I remember the first time I read Augustine's Confessions. I was twenty-eight, sitting in my living room surrounded by my two-year-old’s toys and reminding myself I needed to take the batteries out of that train set that would not shut up. I opened the book on my couch early in the morning — completely unprepared for what I was about to encounter. Here was a mind wrestling with questions I'd barely learned to ask: What is goodness? How do we change? Who is God? What does it mean to truly know yourself?

Augustine wasn't offering easy answers or comfortable platitudes. He was thinking rigorously, honestly, and sometimes painfully about the deepest questions of human existence. By the time I finished, I felt like I'd been given new intellectual equipment, a more sophisticated way of examining my own life and the world around me.

This is what the best books do. They don't just tell us stories or make us feel things, but they teach us how to think about what really matters.
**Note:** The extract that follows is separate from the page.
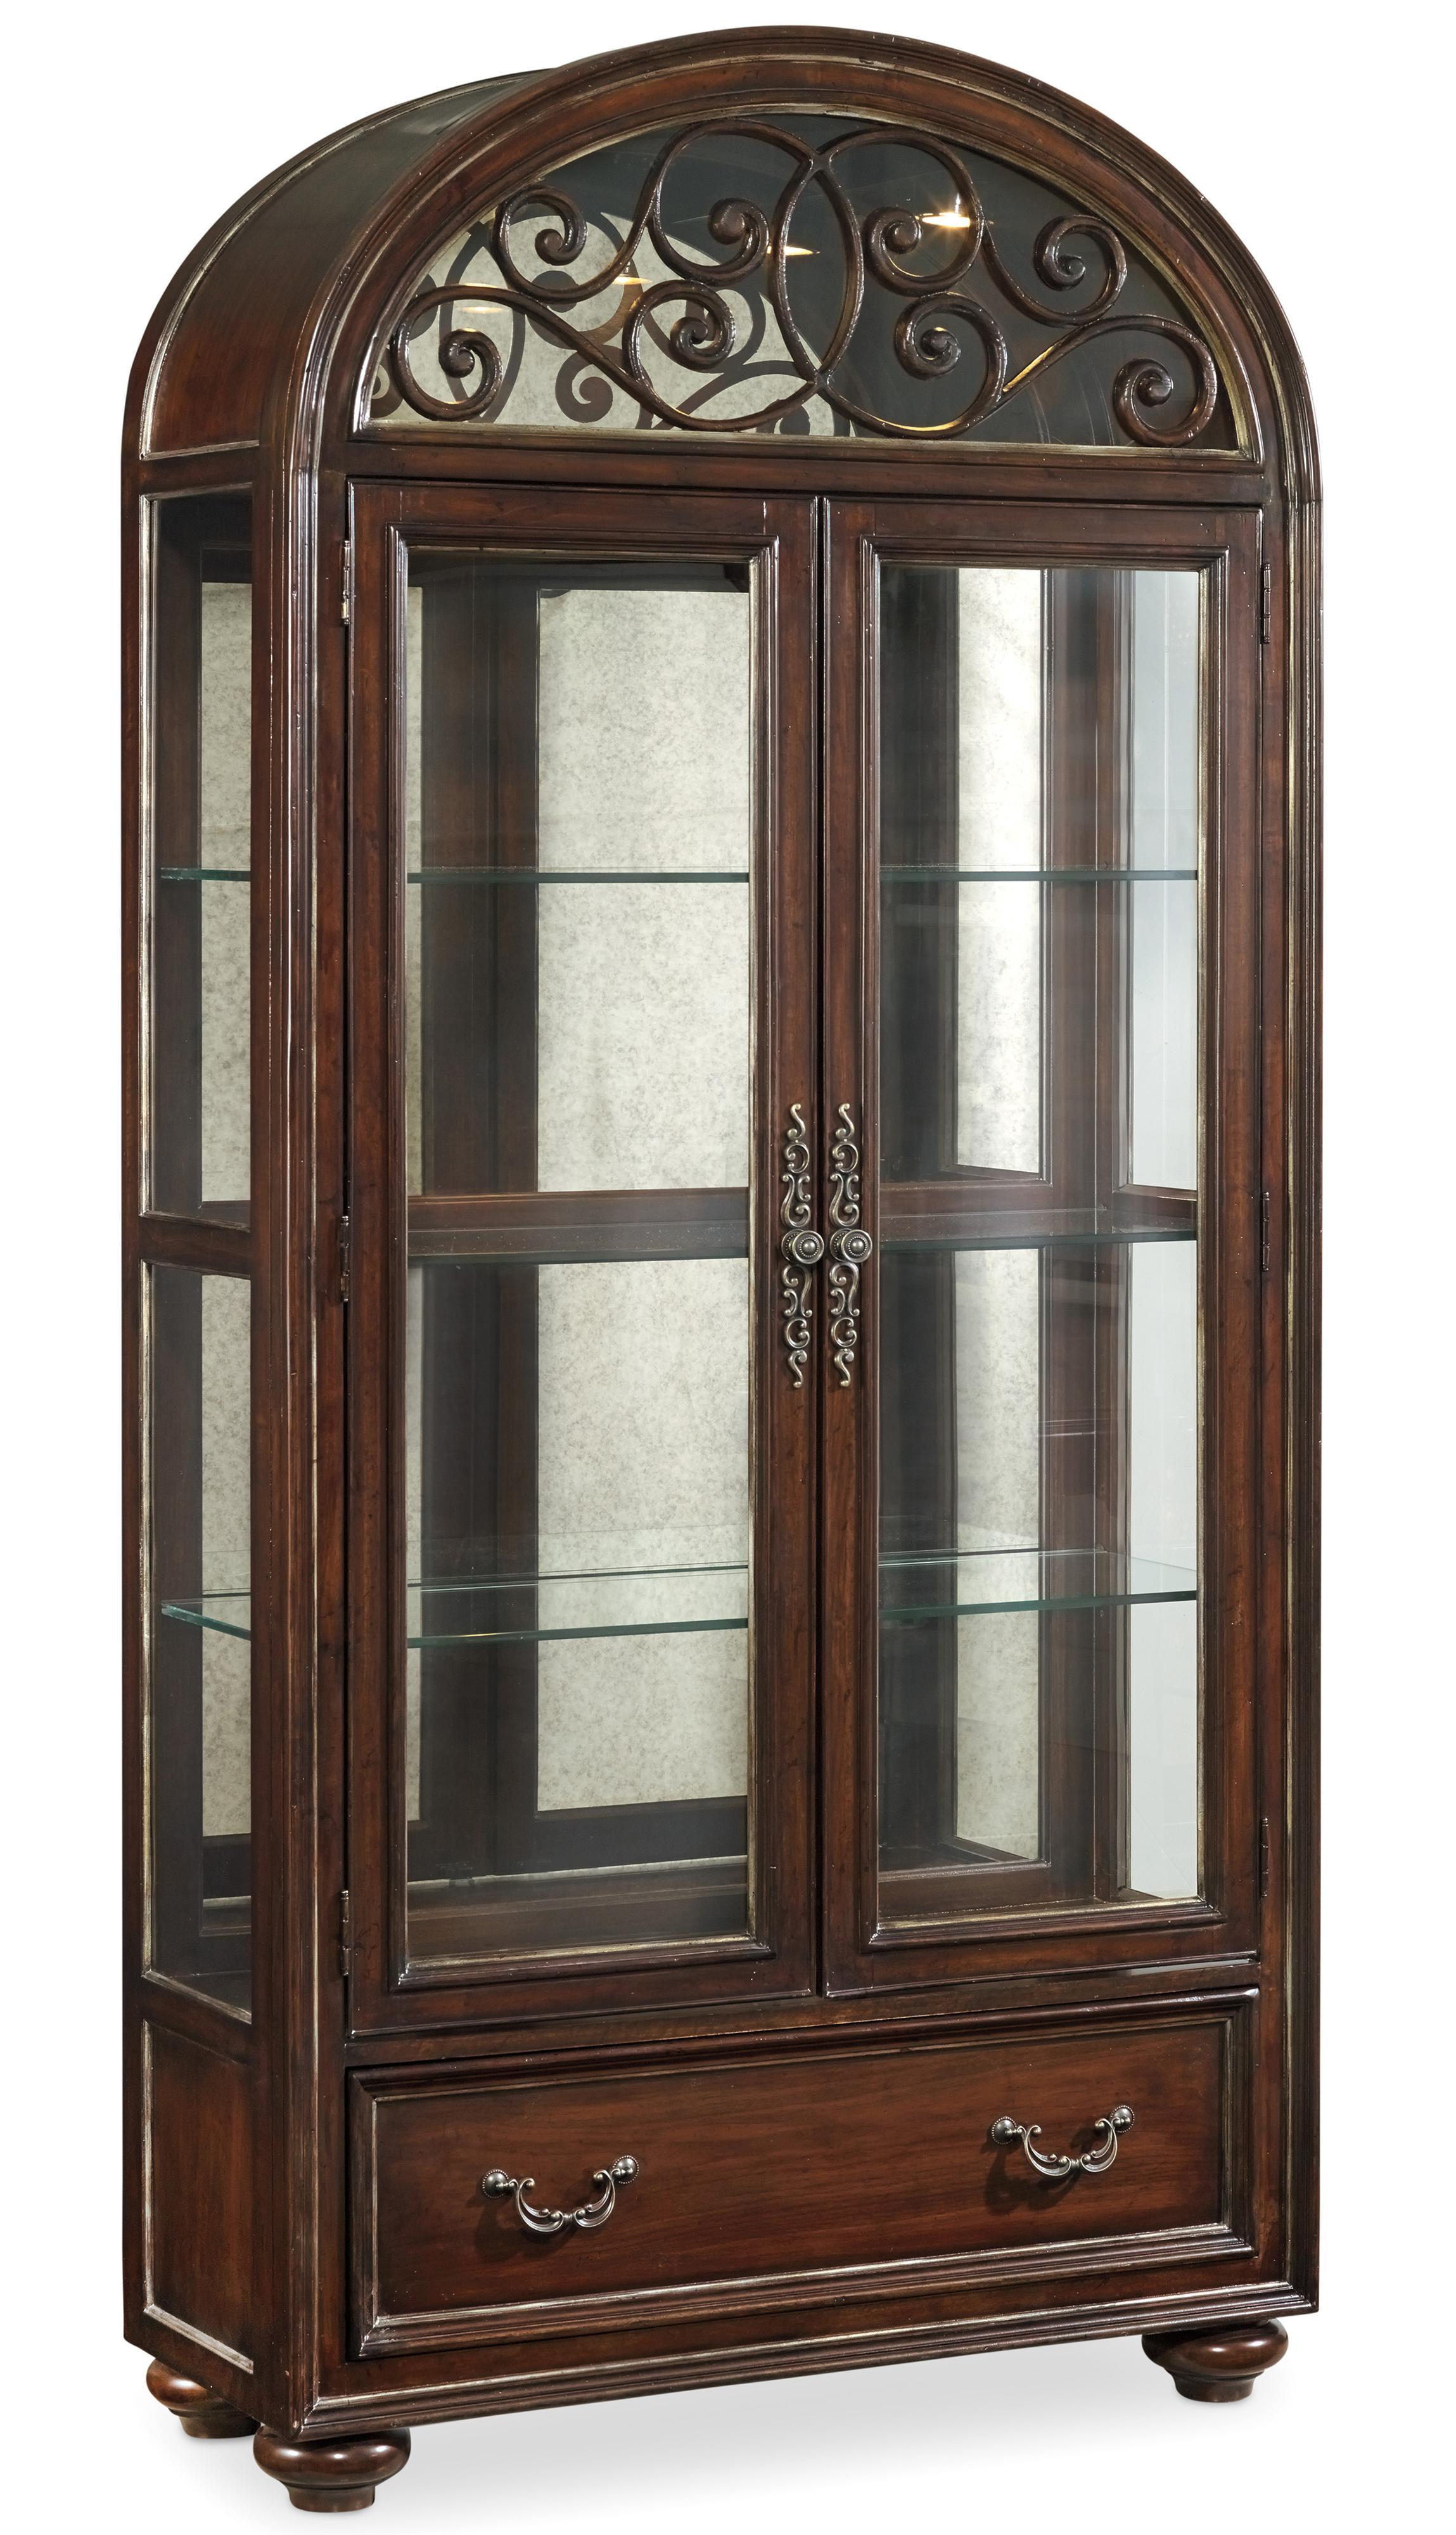 Hooker Furniture Grand Palais Display Cabinet - Item Number: 5272-75906

Consider how Remarque's All Quiet on the Western Front forces us to grapple with the nature of patriotism, duty, and what we owe our fellow humans when institutions demand the unthinkable. Or how Edith Wharton's The Age of Innocence dissects the subtle tyrannies of social conformity, making us question what we sacrifice for acceptance and what we gain from rebellion. Dostoevsky's Crime and Punishment doesn't just tell the story of a murder. He investigates the very foundations of moral reasoning, conscience, and redemption.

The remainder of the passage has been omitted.